Mario Barrera

Personal information
- Full name: Mario Esteban Barrera Aguiar
- Date of birth: 27 February 1963 (age 62)
- Place of birth: Villa Hernandarias, Argentina
- Position(s): Forward

Youth career
- Newell's Old Boys

Senior career*
- Years: Team / Apps / (Gls)
- 1982–19XX: Mallorca B
- → Crevillente (loan)
- 1988–1989: Avignon
- 1989–1990: Douglas Haig / 5 / (0)

Managerial career
- 1997–2005: Elche (youth)
- 2009: Torrellano Illice
- 2010–2011: Torrevieja
- 2011: Akademik Sofia
- 2016–2017: Eldense
- 2018: Alcoyano
- 2019: Odra Wodzisław (youth)
- 2019: Alcoyano
- 2019–2020: Odra Wodzisław (youth)
- 2020–2021: Odra Wodzisław (assistant)

= Mario Barrera =

Argentine football manager (born 1963)

Mario Esteban Barrera Aguiar (born 27 February 1963) is an Argentine retired footballer who played mainly as a forward, and a current manager.

==Playing career==
Born in Villa Hernandarias, Barrera played for Newell's Old Boys as a youth before moving to Spain with RCD Mallorca in 1982, along with his brother; however, he was assigned to the reserves in Tercera División. He subsequently served loan stints which notably included Crevillente Deportivo, before moving to France with Olympique Avignon in 1988.
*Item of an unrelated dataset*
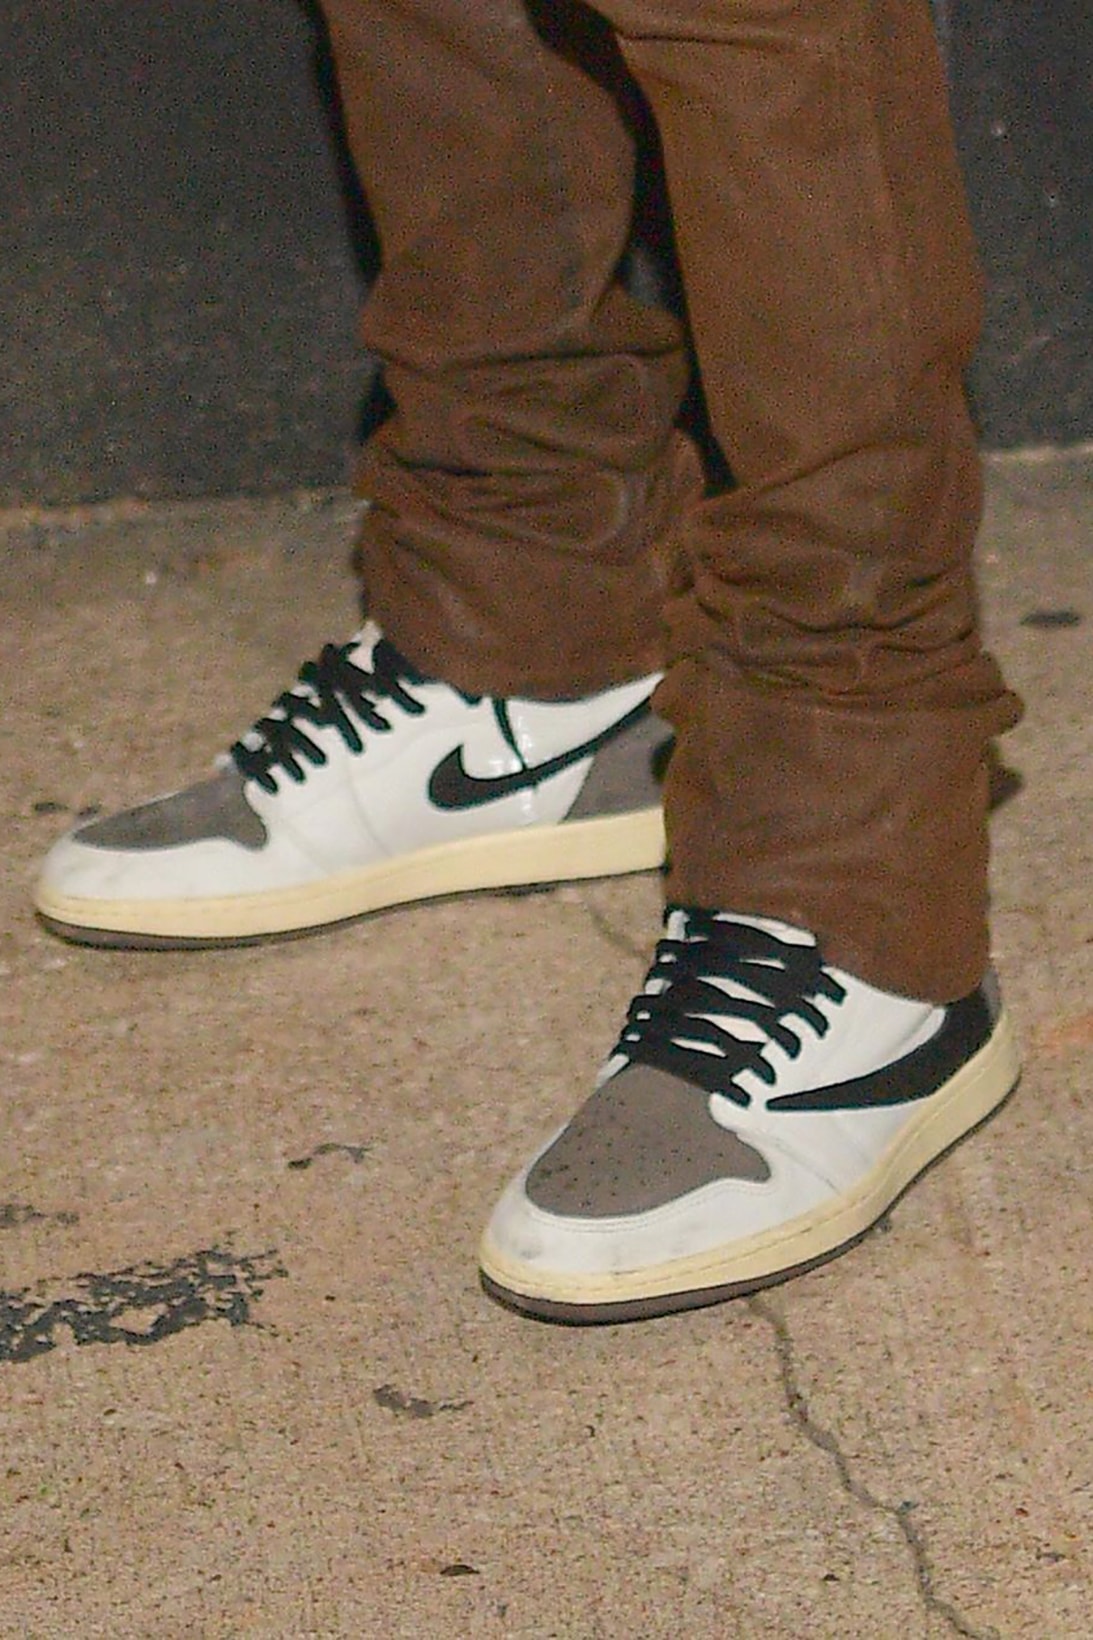 nike travis scott collaboration air jordan 1 high sneaekrs reverse white brown colorway on feet footwear sneakerhead shoes

In 1989, Barrera returned to his home country after joining Douglas Haig. In his last active years, he combined his playing career with a sports coordinator role in a local town.

==Managerial career==
After retiring, Barrera returned to Spain after receiving a managerial offer from CF Lorca Deportiva, but his lack of experience prevented him from taking the role; he instead was named manager of Elche CF's youth sides. He subsequently worked in the technical secretary of the latter club, later being an assistant of Lico during his spells as manager and also being a sporting director.
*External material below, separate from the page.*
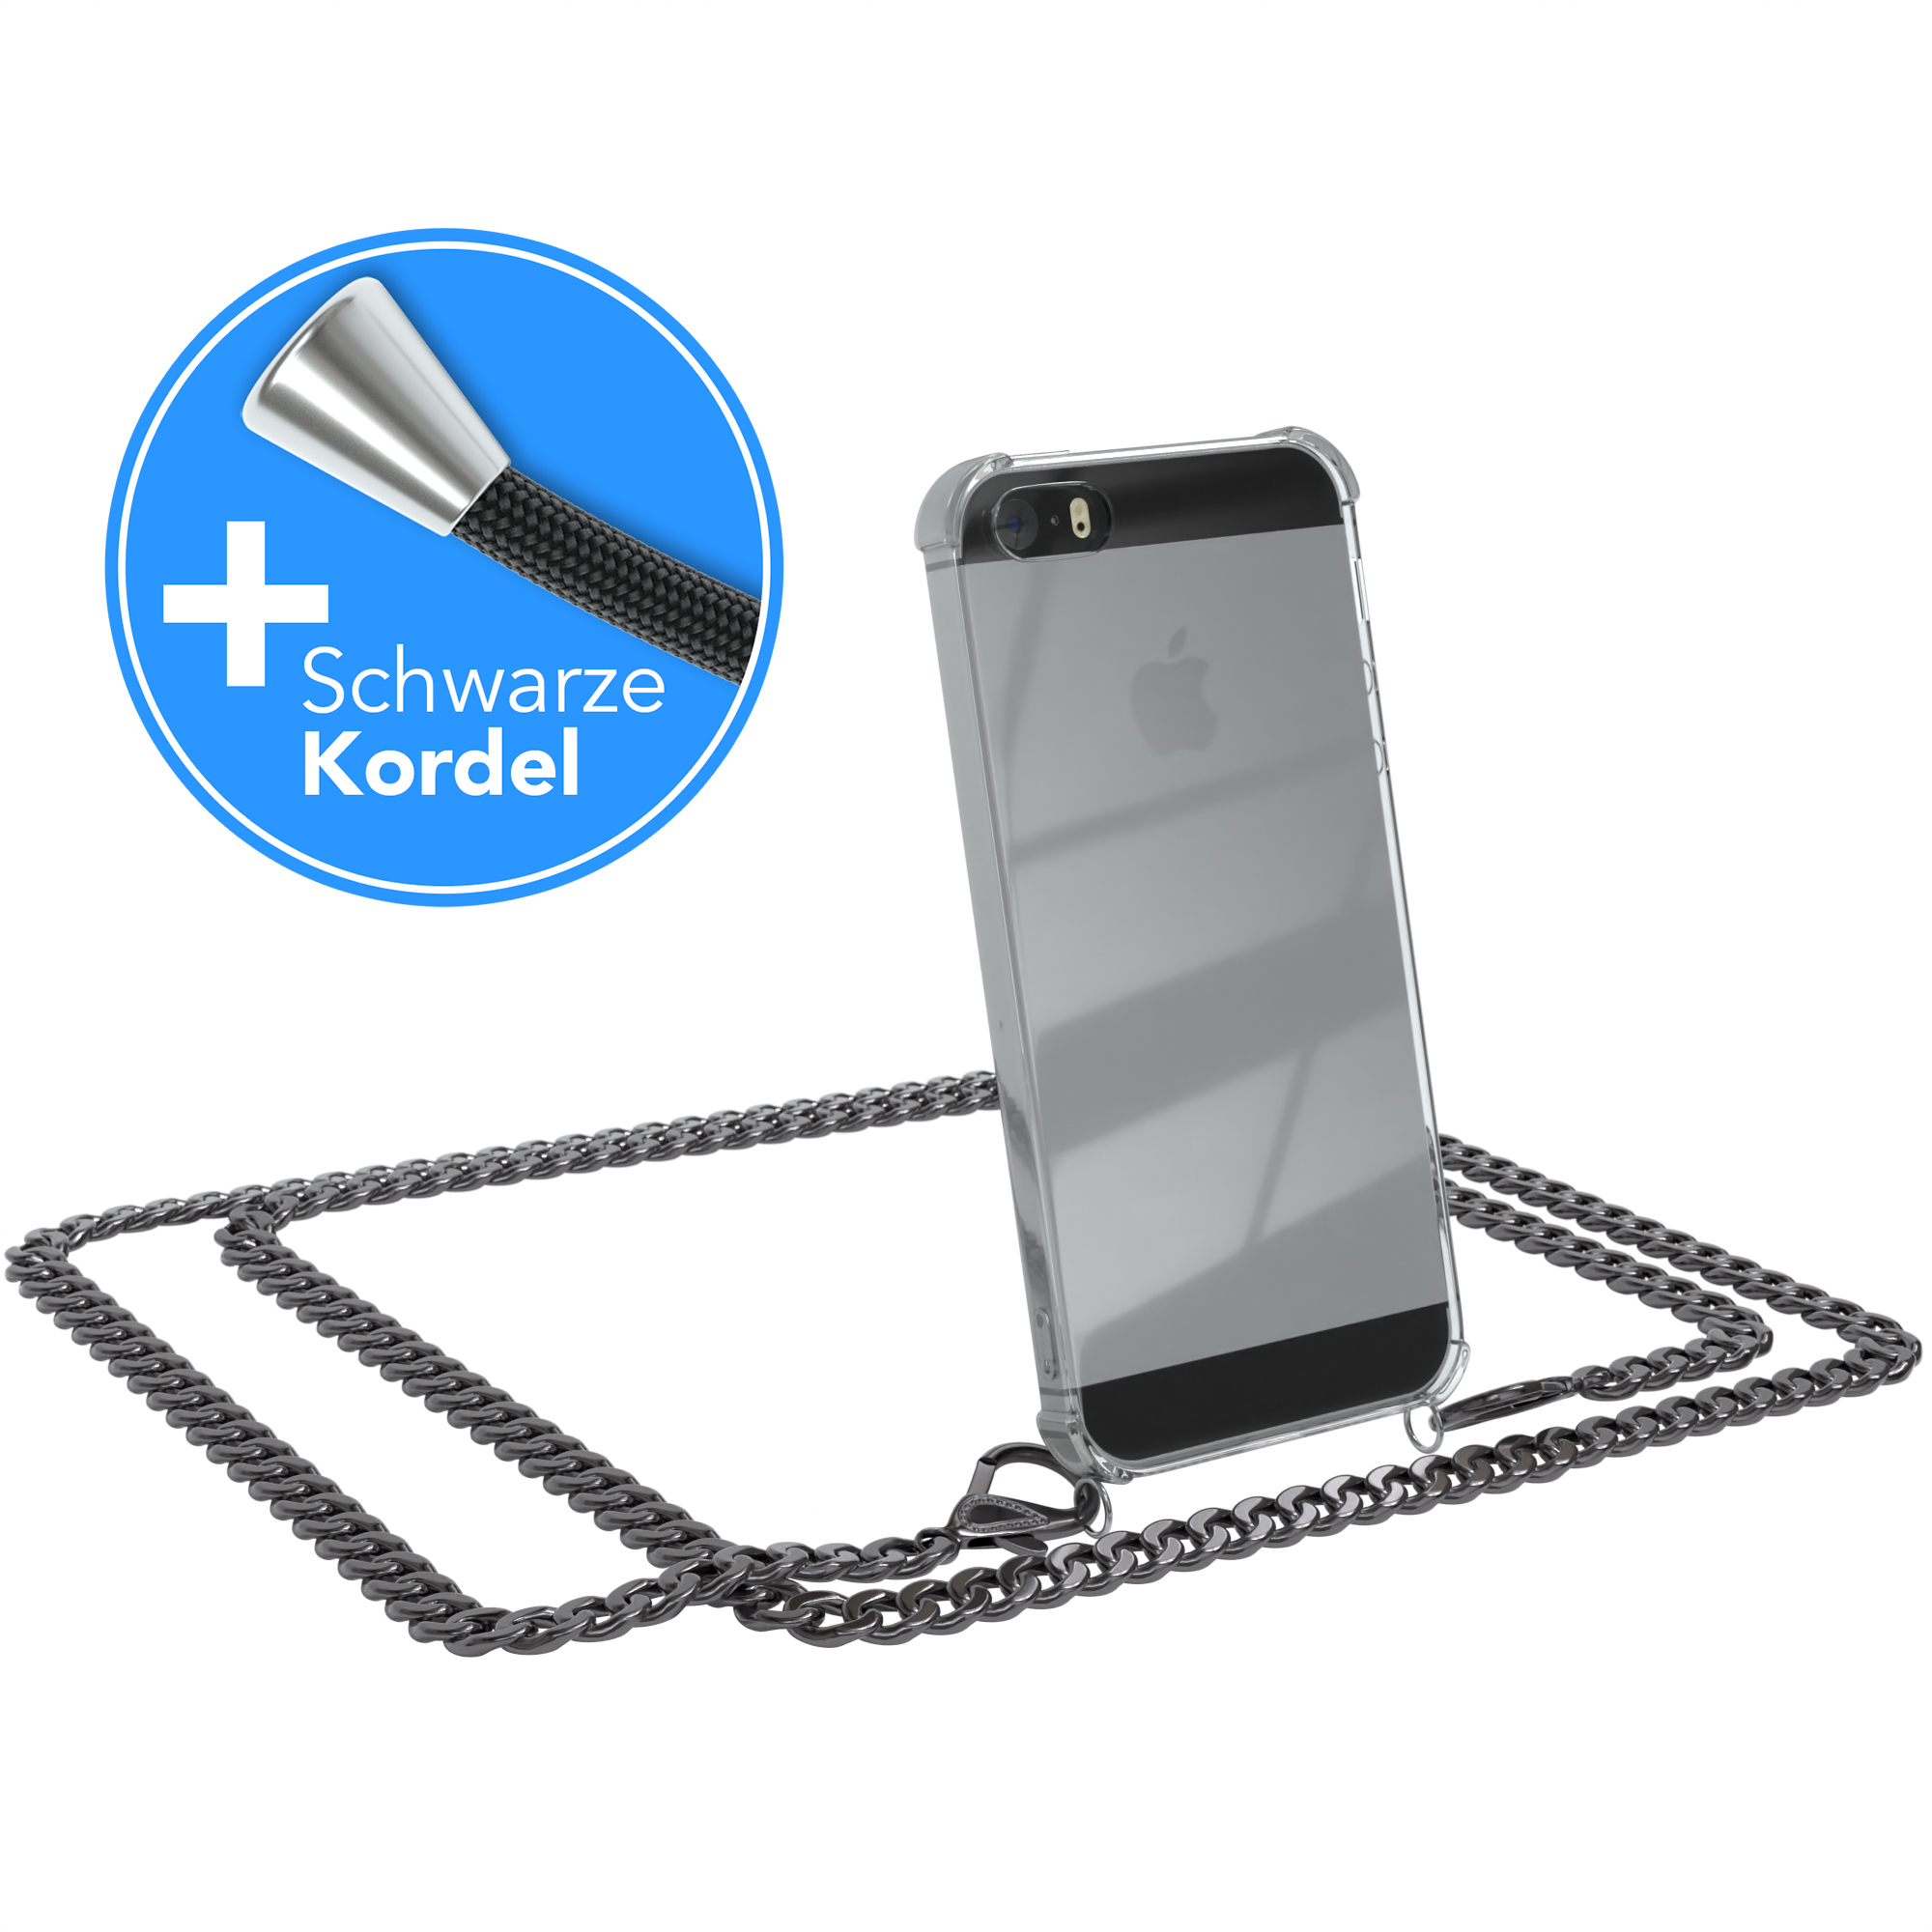 5 Anthrazit Kordel iPhone SE Umhängetasche, Metall 2016, extra 5S, CASE Handykette Schwarz, iPhone Grau + Apple, EAZY /

In September 2007, Barrera was dismissed from the Franjiverdes, after having altercations with manager David Vidal. In July 2009, he agreed to become the manager of Orihuela CF, but the deal was later cancelled by the club's new board.
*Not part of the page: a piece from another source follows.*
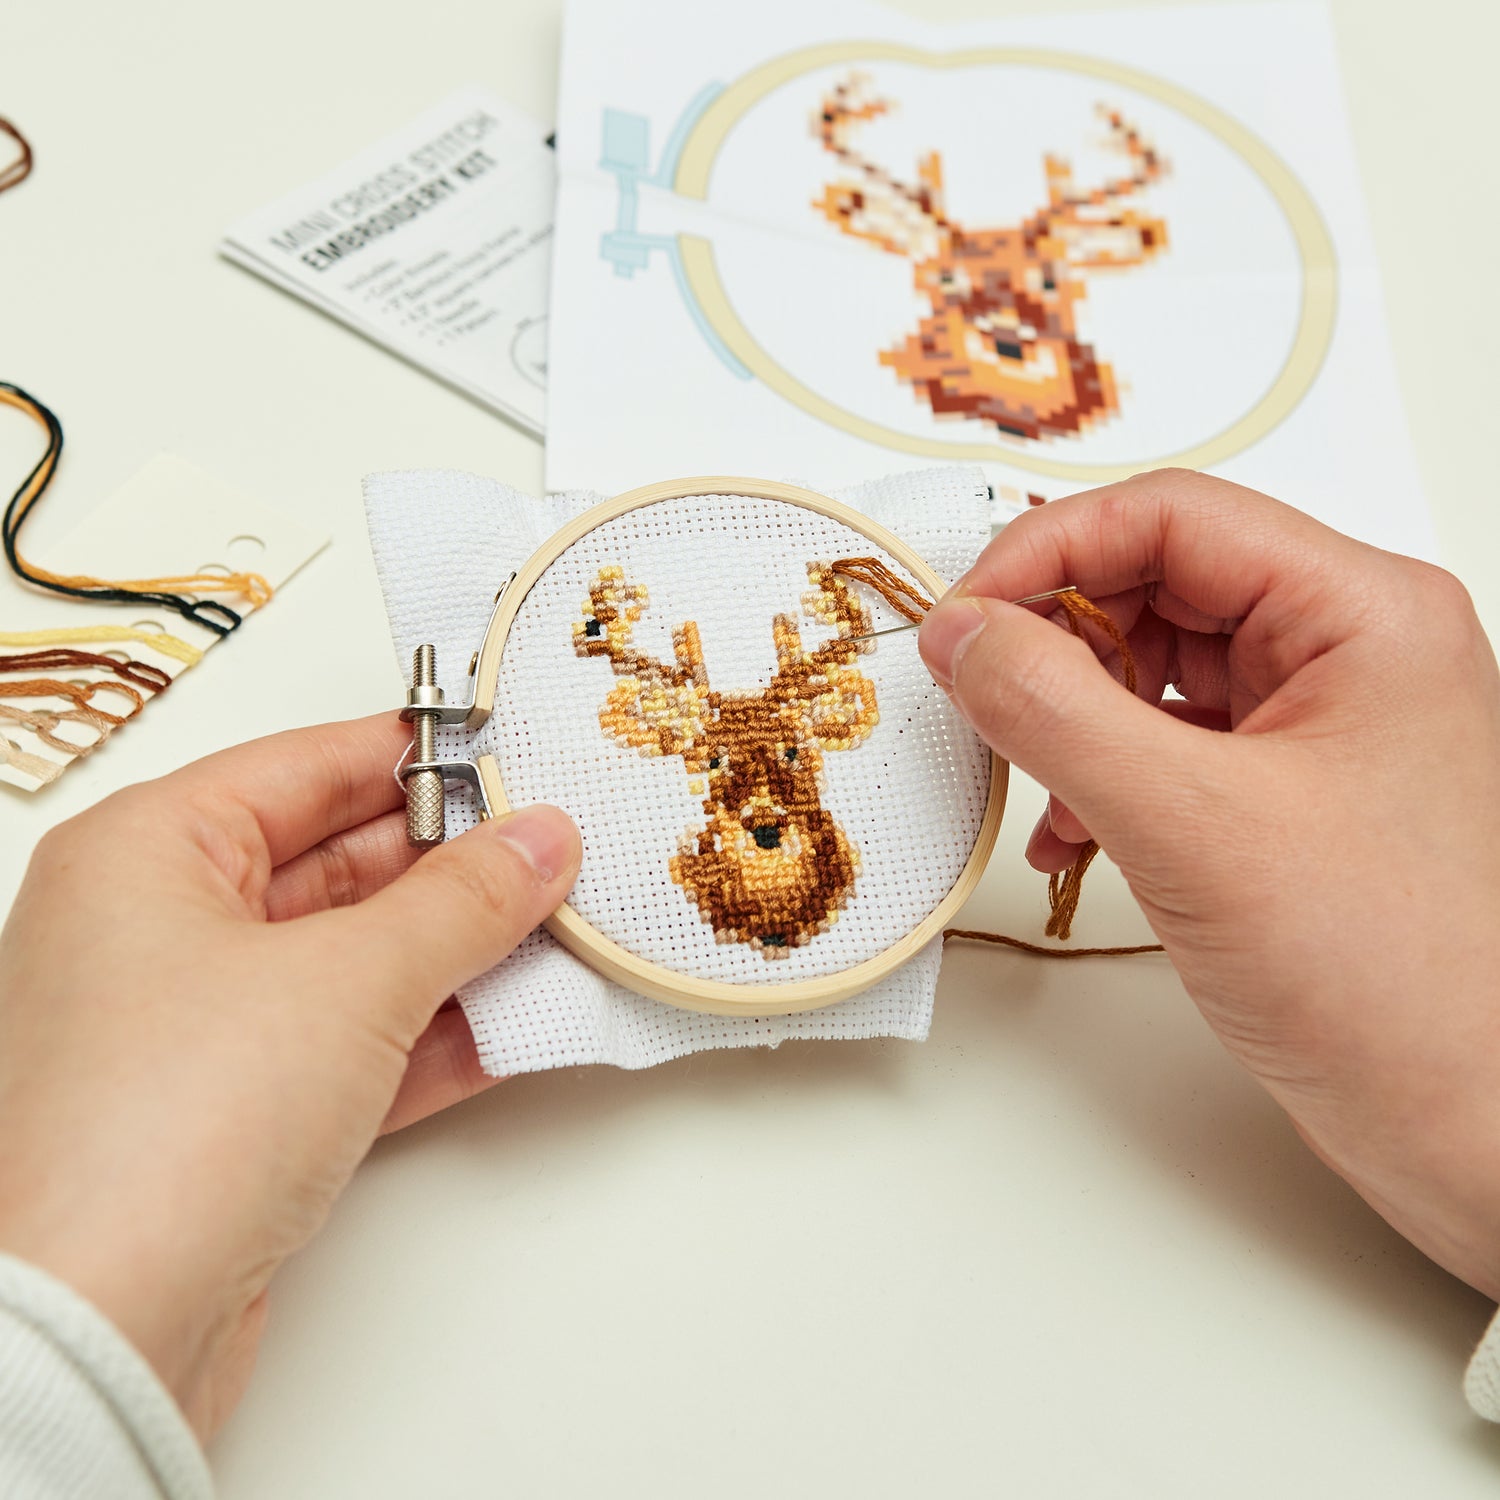 Mini Cross Stitch Embroidery Kit - Ladybug

On 1 October 2009, Barrera was appointed manager of Torrellano Illice CF. He moved was named at the helm of fourth tier side FC Torrevieja the following 9 June, but left on 11 February 2011 to move to Bulgaria.

On 5 December 2011, Barrera returned to Spain after being presented as sporting director of Girona FC. The following 27 March, however, he was sacked.

On 7 October 2016, after more than four years without a club, Barrera was named sporting director of CD Eldense, but became manager of the club thirteen days later, replacing Raúl Garrido. He left the club in January 2017, after the club's change of ownership.

On 28 February 2018, Barrera was appointed CD Alcoyano manager in Segunda División B. After avoiding relegation, he joined Polish side Odra Wodzisław Śląski on 7 February 2019 to work in their youth sides, but returned to Deportivo on 11 March.

After suffering relegation, Barrera returned to Odra on 3 December 2019, again as a youth coach. In March 2020, he became an assistant of the main squad, before leaving the club in 2021.

==Personal life==
Barrera's older brother Rolando was also a footballer and a forward.